Willy Voet : « Les Français sont dans le vrai ! »
C’est sorti ce vendredi dans les colonnes de L’Equipe. Et, depuis, les réactions se bousculent. L’UCI a donc une liste secrète recensant les 198 coureurs du Tour de France 2010 et leur attribuant ainsi un « indice de suspicion ». N’en déplaise à certains, nous avons retrouvé Willy Voet. Souvenez-vous, Willy Voet, le soigneur de l’équipe Festina par qui le scandale est arrivé sur le Tour en 1998. Que devient le mal-aimé du cyclisme des années 90 ? Fait-il toujours partie du milieu du vélo ? Que pense-t-il de cette liste secrète de l’UCI ? Autant de questions que nous nous sommes posées, et qui mieux que Willy Voet lui-même, pouvait éventuellement y répondre ? Le Belge se confie,
Bonjour Willy Voet. Une question nous brule les lèvres, et beaucoup se la posent. Qu’êtes-vous devenu ? Que faites-vous aujourd’hui ?

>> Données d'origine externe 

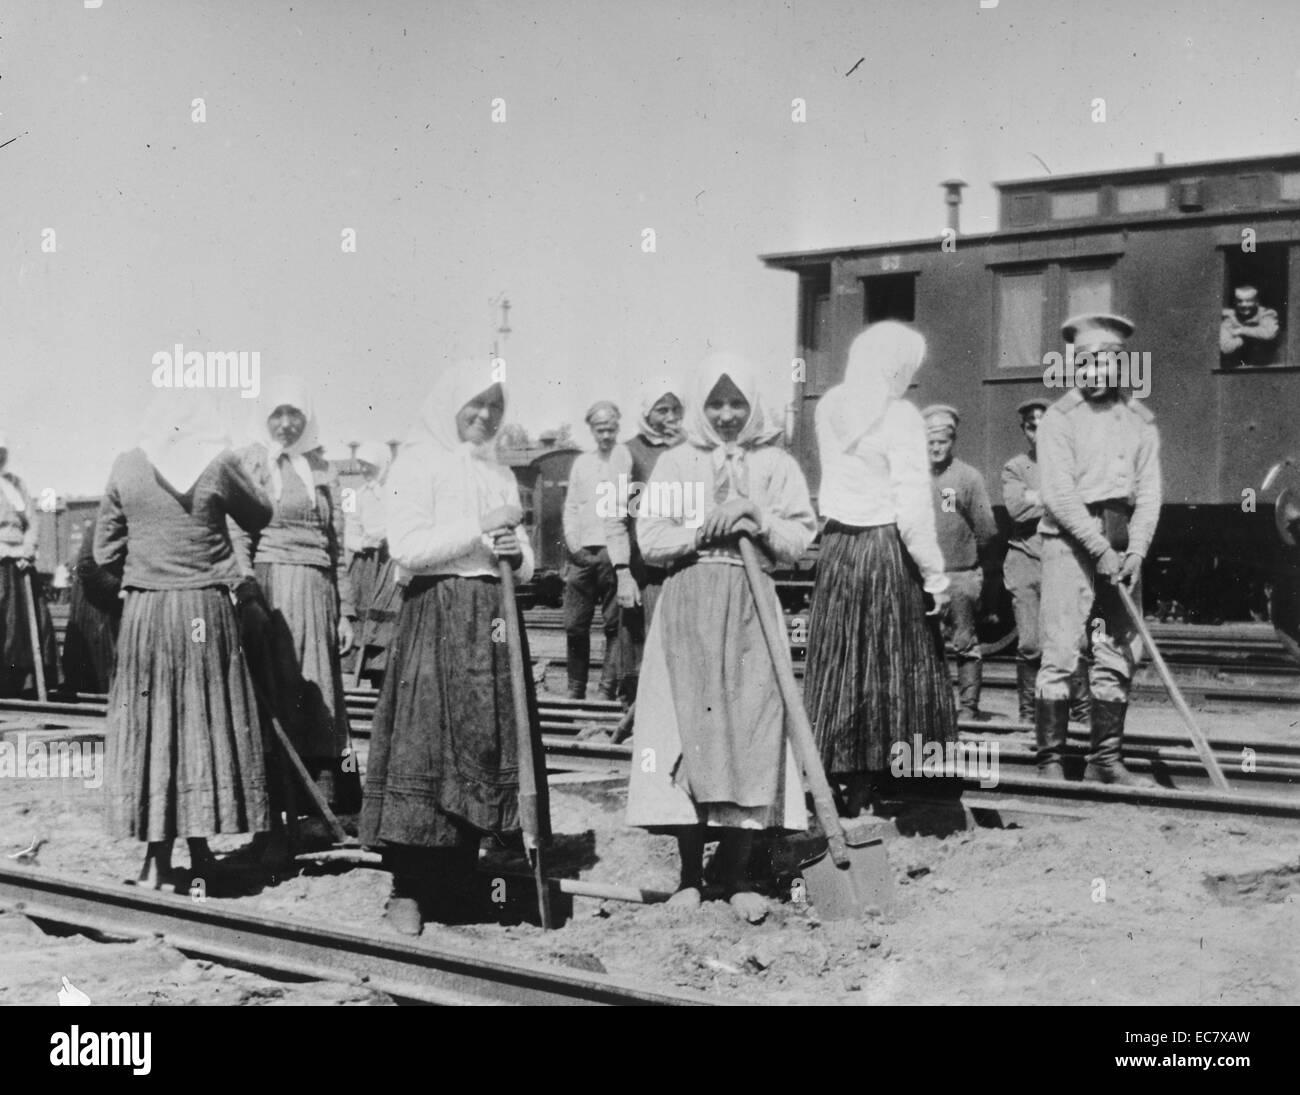 Russian women work on railway tracks as troop train stands nearby; World war One, - Stock Image
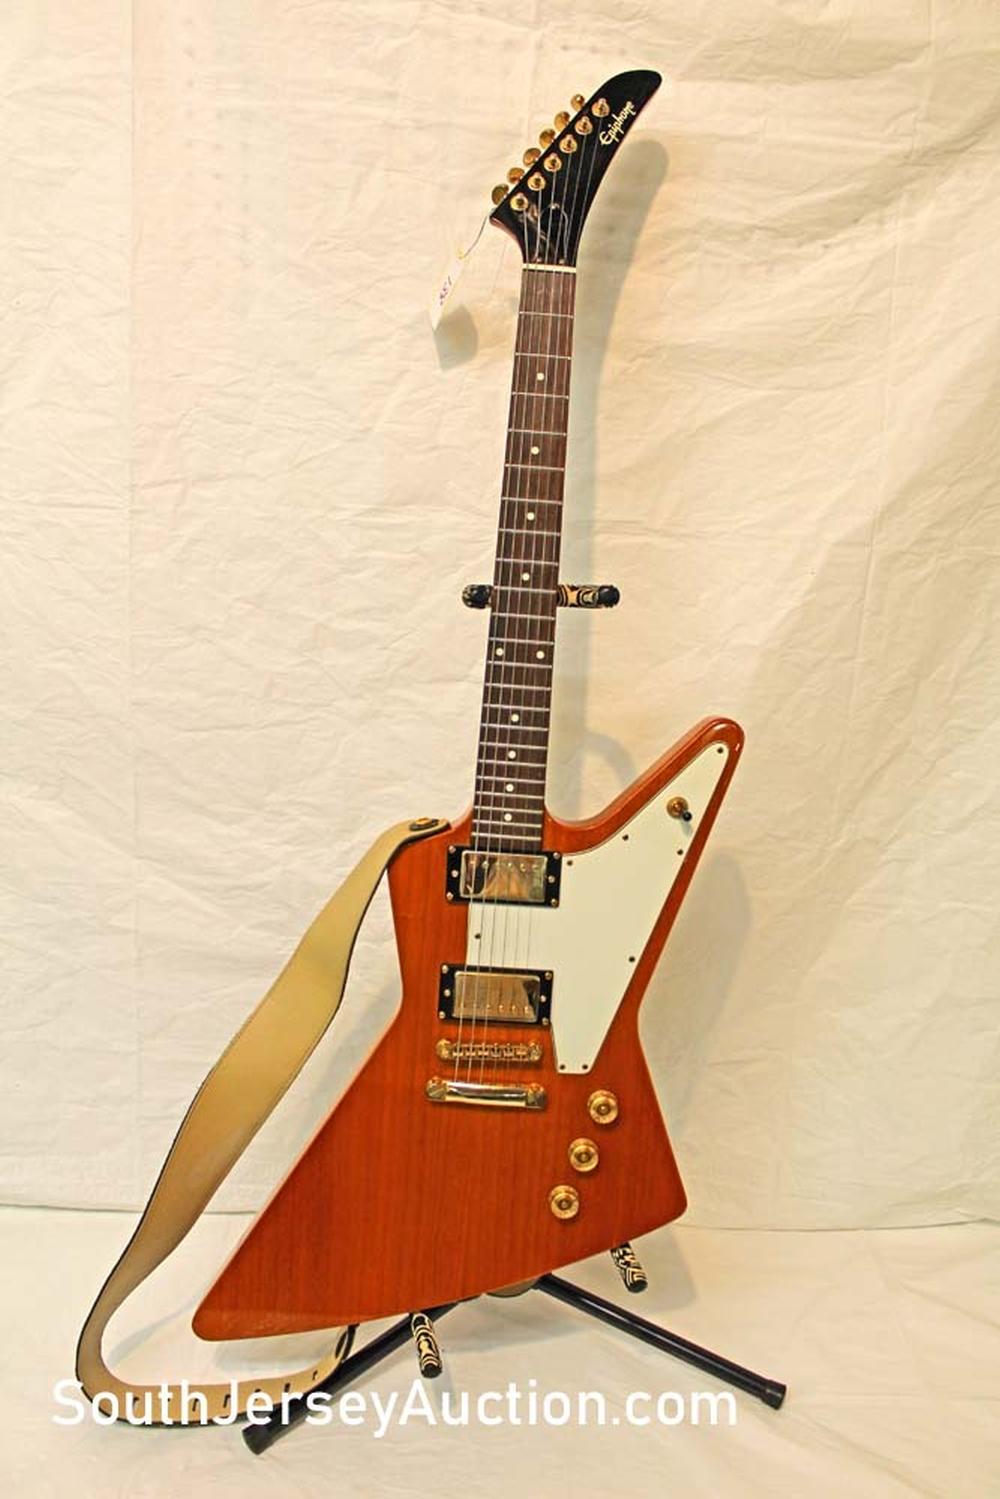 2015? Epiphone Explorer Body guitar, set neck, gold hardware, ebonized mahogany, s/n 311514250, excellent shape, all original

Aujourd’hui, je suis tout simplement chauffeur de car sur une ligne régulière. Et oui ! Autrement dit, je n’ai plus aucun rapport avec le cyclisme et le domaine médical depuis mon arrestation suite à l’affaire Festina en 1998.
« Certains coureurs sont cons »
Mais le Cyclisme vous intéresse-t-il toujours ? Avez-vous lu par exemple l’information avec, soi-disant, une liste secrète de l’UCI sur « l’indice de suspicion » des 198 coureurs du Tour de France 2010 ?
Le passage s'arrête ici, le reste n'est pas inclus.